You've got two things happening when you pull VCMD low to get the FET to conduct: you're discharging C1 and discharging the gate capacitance of the FET. I would also recommend using a resistor directly on the FET gate to control your current flow to/from VCMD. The datasheet gives the values for a general use case with the time delay on/off and the rise/fall times at the bottom of the "Electrical Characteristics" table.
It looks like it takes 50ns to conduct given a -10V drive signal through a 6.8 Ohm gate resistor with a 12 Ohm load to a -75V supply. Alternatively with the same setup and a 0V drive signal it takes 90ns to turn off. This isn't exactly your use case but it may be close enough if you mimic the gate resistance and drive voltages (Figure 10 in your datasheet shows the schematic of the test setup).
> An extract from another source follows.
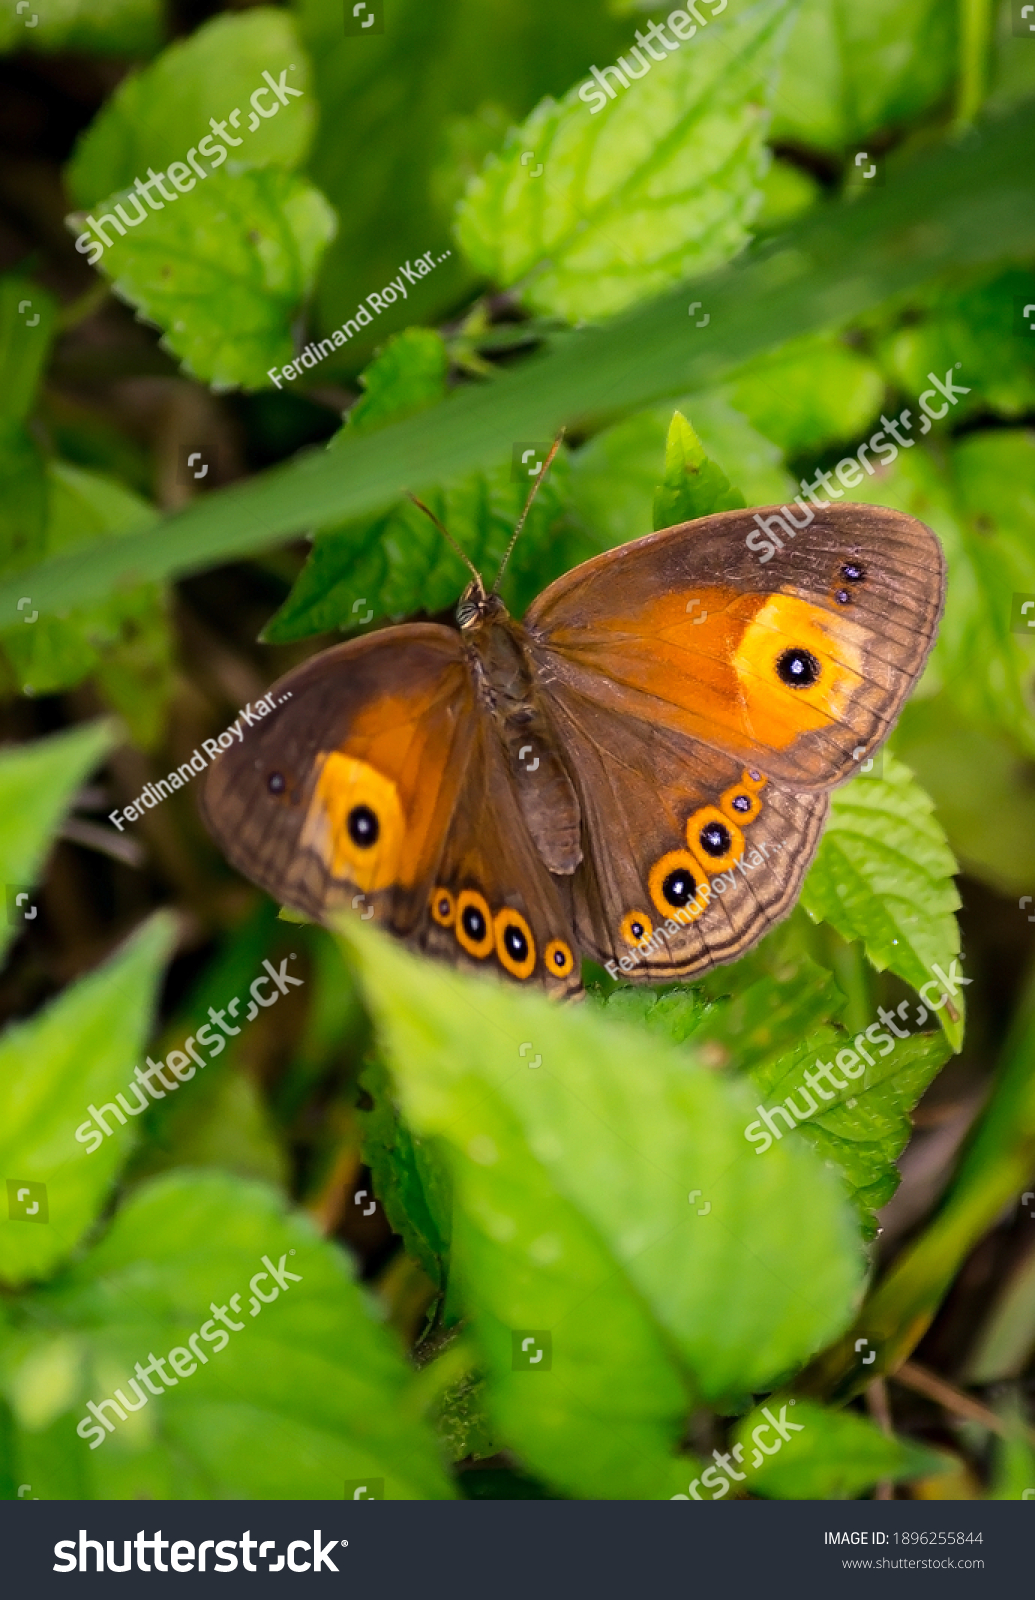 Tussock ringlet, also known as Common tussok. Perched on a weed flower #1896255844

For a more tailored answer to your application, MOSFET gates act like capacitors that you have to fill/empty to get past the threshold voltage to switch from conduction to non-conduction or visa versa. MOSFET drivers exist in high power applications to really slam the capacitors around to get the fastest on/off switching times possible by providing high currents to quickly source/sink charge. This limits the time the MOSFET spends in the linear conduction region where there's a voltage drop between the source and drain, therefore burning power (conduction losses). On the other hand, resistors are used on the gates to prevent infinite currents gate charge/discharge cycles from burning out control circuitry - this increases conduction losses because it slows switching speeds. So for driving FETs, that's an engineering tradeoff because higher current drivers adds cost, complexity and electrical noise.
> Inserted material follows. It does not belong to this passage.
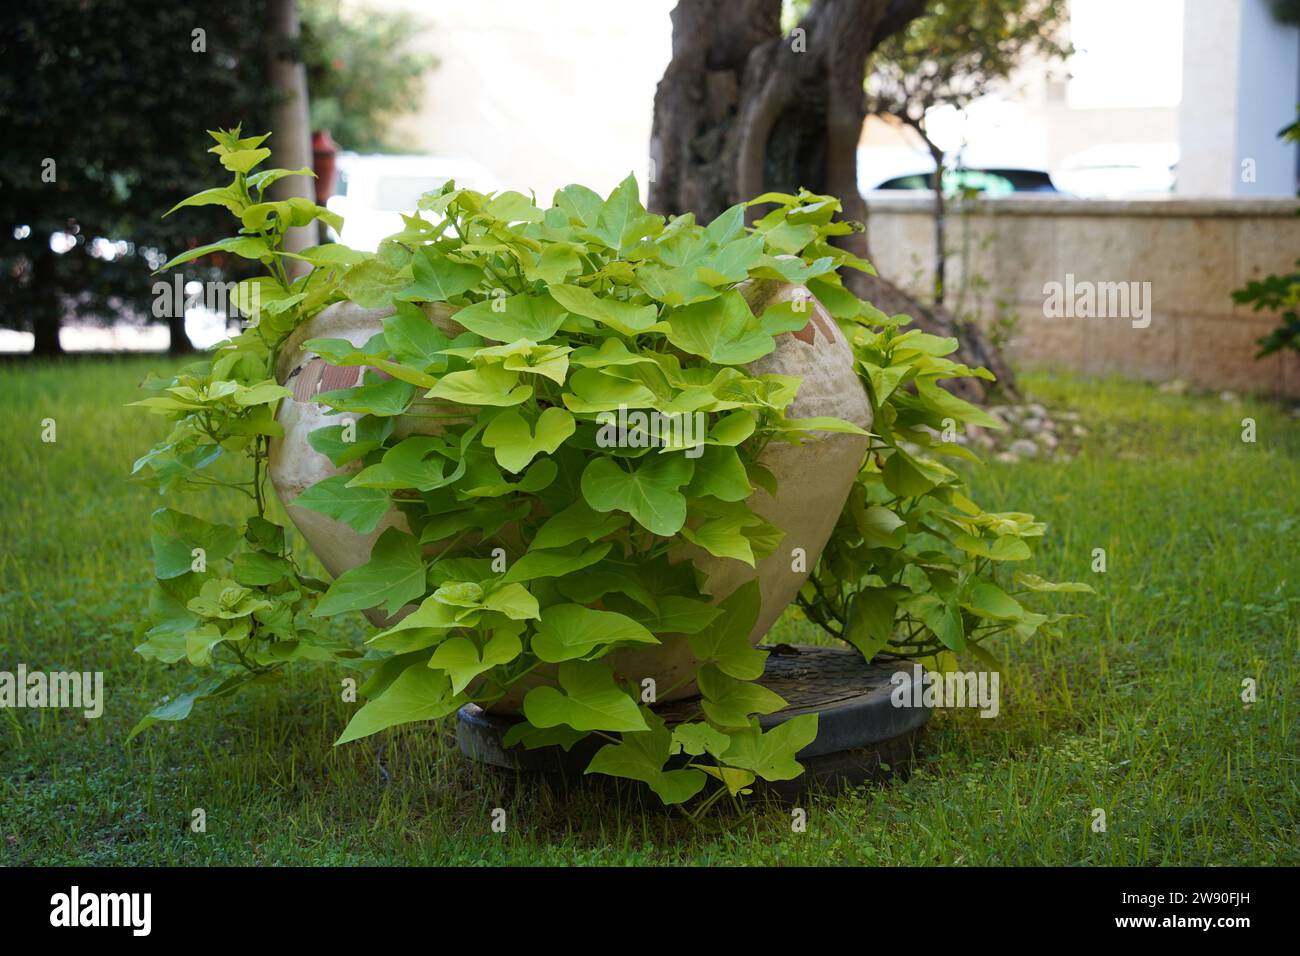 Sweet potato vine (Ipomoea batatas), is an ornamental warm-season annual grown for its attractive leaves and vining habit. Stock Photo

Check this application note from Vishay for more detailed calculations to get switching time from the datasheet values for your particular use case:
https://www.vishay.com/docs/73217/an608a.pdf
FYI just because you don't have a gate capacitor doesn't mean that it will respond infinitely fast, your microcontroller GPIO pin or other gate driver will have a Thevenin equivalent that will tell you what your effective "gate resistance" is at the Thevenin equivalent voltage, this is a way of looking at your gate driver's source impedance (which is critical to know how fast you can switch the FET).